Educational Podcasts: Review & Recommend | PODCASTS

Recently, I’ve been getting myself back into listening to podcasts, as I’ve really fallen behind on listening to them since being at university. There’s so much music to discover, and films, TV shows and YouTube videos to keep up with that I let podcasts fall to the side for a while, but I’m determined to catch up with the shows that I loved six months ago, as well as listening to new podcasts, and ones I’ve always meant to start listening to.

I also recently reviewed Trends Like These for the student newspaper and really enjoyed writing the review, so I thought I may as well write more. This will hopefully be the first in a series of ‘Recommend & Review’ and hopefully there will also be follow up posts with different categories of podcasts that I enjoy listening to, as I listen to a few comedy podcasts and light-hearted chatty podcasts.

Trends Like These

The first podcast I want to mention is the aforementioned Trends Like These. Trends is hosted by Brent Black and Travis McElroy and often features guest hosts. Released regularly on Fridays, Black and McElroy catch listeners up on all the week’s trending news, going much more in depth than most click-bait articles, and providing well-researched and detailed information. The first segment, post-introduction, is Beyond The Headlines, where the biggest trending headlines are discussed. A special segment usually follows, either a recurring segment such as Terrible Men, or a one-off segment to cover a particularly large story. The following Politics Round-Up is Americentric, but still useful, as the nuances of American politics are very confusing and constantly changing, yet snippets still tend to reach British ears, and if it weren’t for Trends, I would be constantly confused about all the news stories churning out of the White House. A Tidbits segment regularly follows the Politics Round-Up, where smaller news stories are given coverage, and finally, a celebration of positivity – the WiFive – is provided to end the podcast on a lighter note.

Trends Like These is my main source of news now, as a student who does not possess a TV license, and I always find the episodes well-delivered by charismatic hosts, who are also consistently thoughtful and considerate, especially when dealing with heavier topics. Occasionally it can be a little heavy listening, and sometimes the nuances of American politics can be rather tedious, especially for non-Americans whom small changes are unlikely to have an impact on.

Episode length varies, but usually falls around the 90 minute mark, but can be easily broken up into multiple listening sections thanks to the different segments providing natural breaks.

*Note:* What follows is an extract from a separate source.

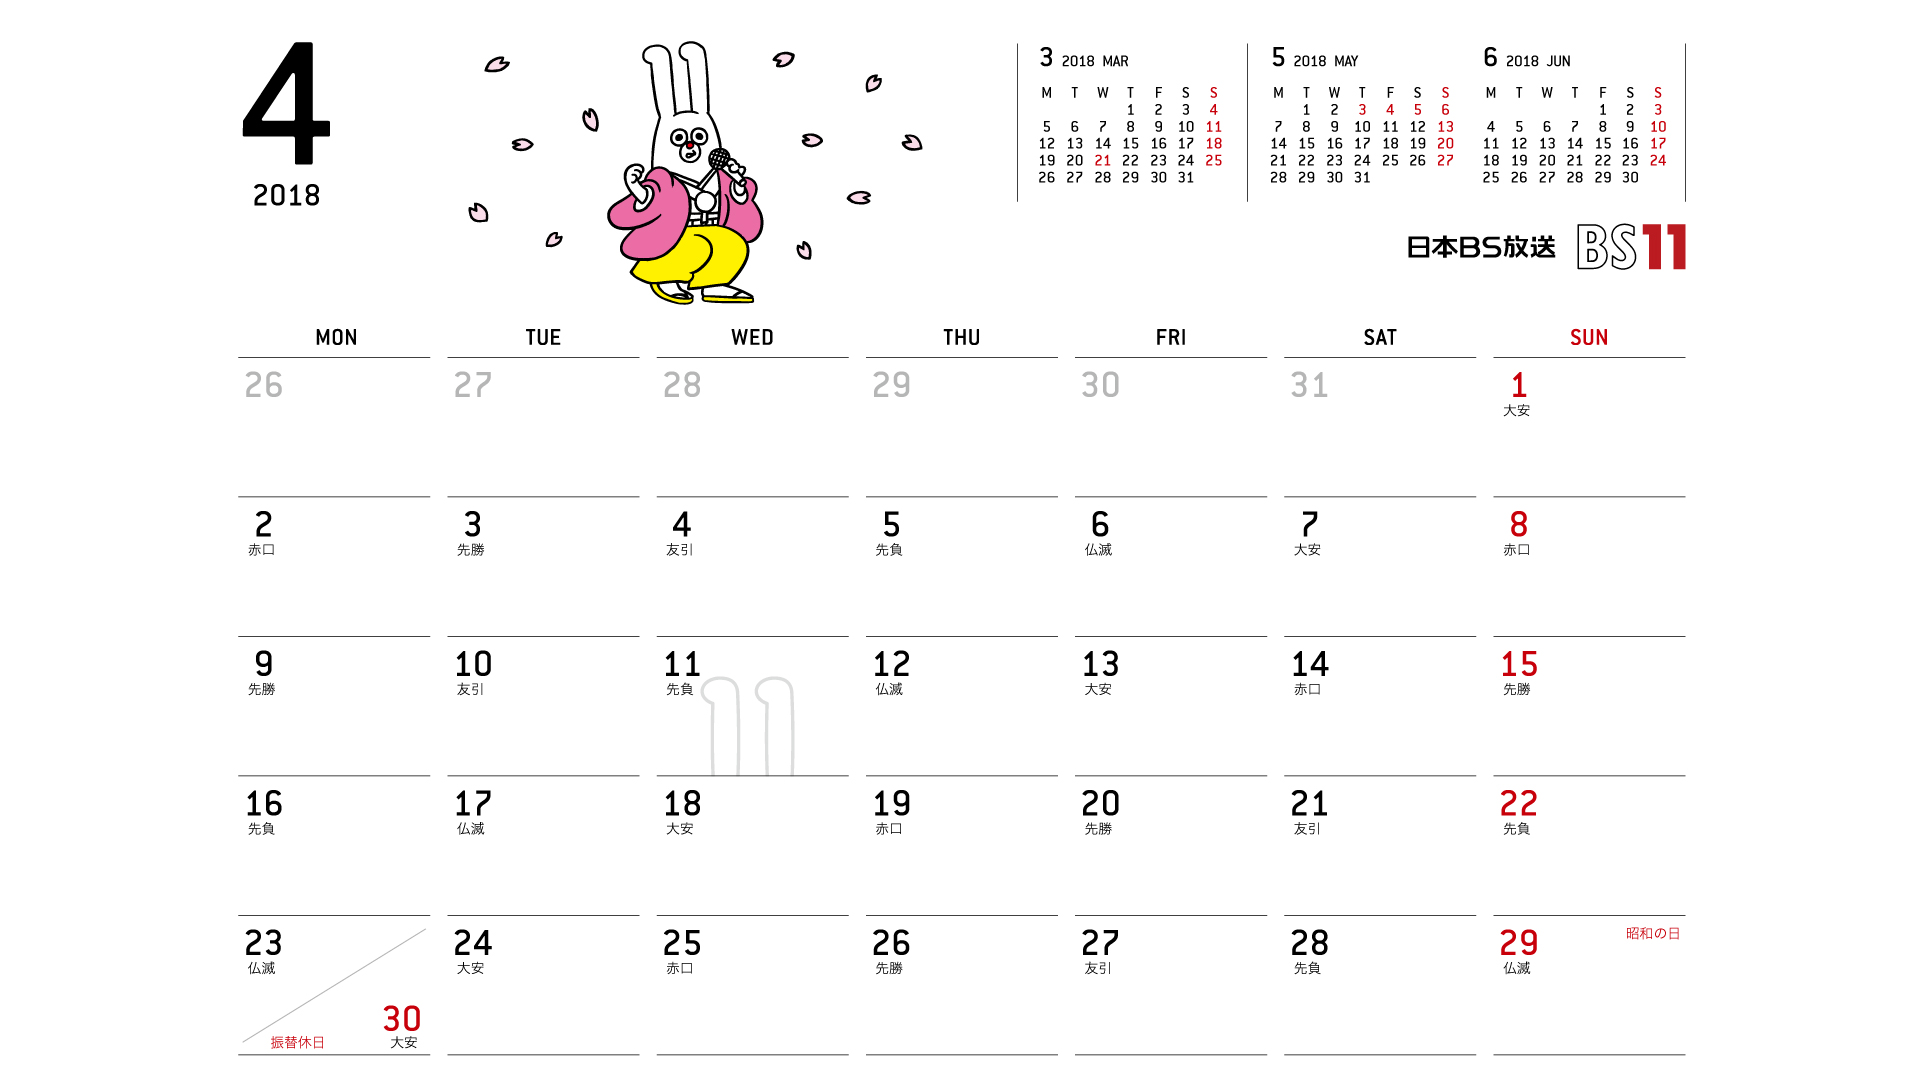 じゅういっちゃんのデジタルカレンダー18年04月 Bs11 イレブン いつでも無料放送
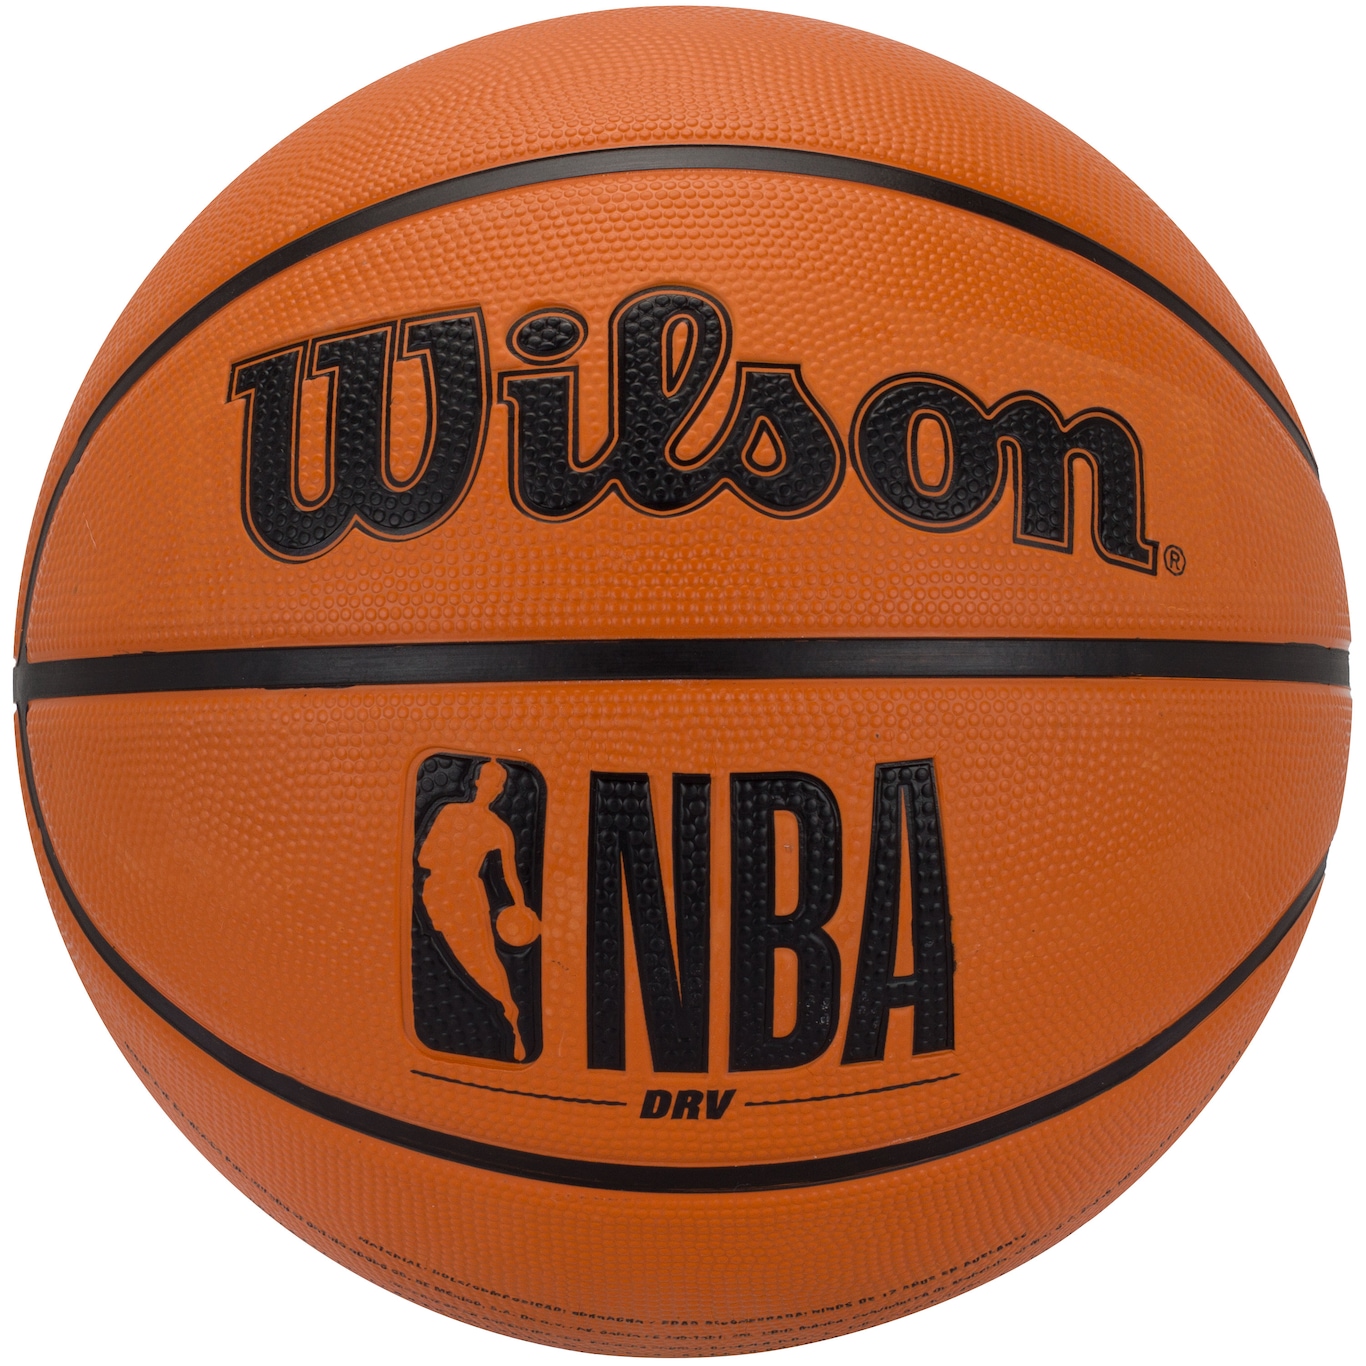 Bola de Basquete Clutch Basketball Cinza e Azul - Wilson

Find Trends Like These on Twitter @TrendsLikeThese, or listen on iTunes or the Maximum Fun website.

Travis McElroy can be found on Twitter @travismcelroy

Brent Black can be found on Twitter @brentalfloss

Sexplanations, The Podcast

Another educational podcast I’d like to give a shout out to is Sexplanations, The Podcast, with Dr. Lindsey Doe. Host Dr. Doe rewatches old episodes of the YouTube show Sexplanations, also hosted by Dr. Doe, and provides further commentary on the episodes, suggesting things she would like to have done differently: more information she would have liked to include, or changes to production and delivery. She also provides high quality sex education, with special guests, who talk about sex-positivity and different aspects of sex. The podcast was developed as a response to viewers of the YouTube channel, who requested a podcast version of the show, and Dr. Doe has commented on the importance of making the show accessible to the visually impaired and how the podcast form allows this.

I find Sexplanations to be a fascinating, as well as educational and inclusive podcast, and commend it for its dedication to providing accurate and useful sex education for people of all identities. The show is also judgement-free, and I have to say, I do love listening to people talk about sex education in a judgement-free, inclusive manner.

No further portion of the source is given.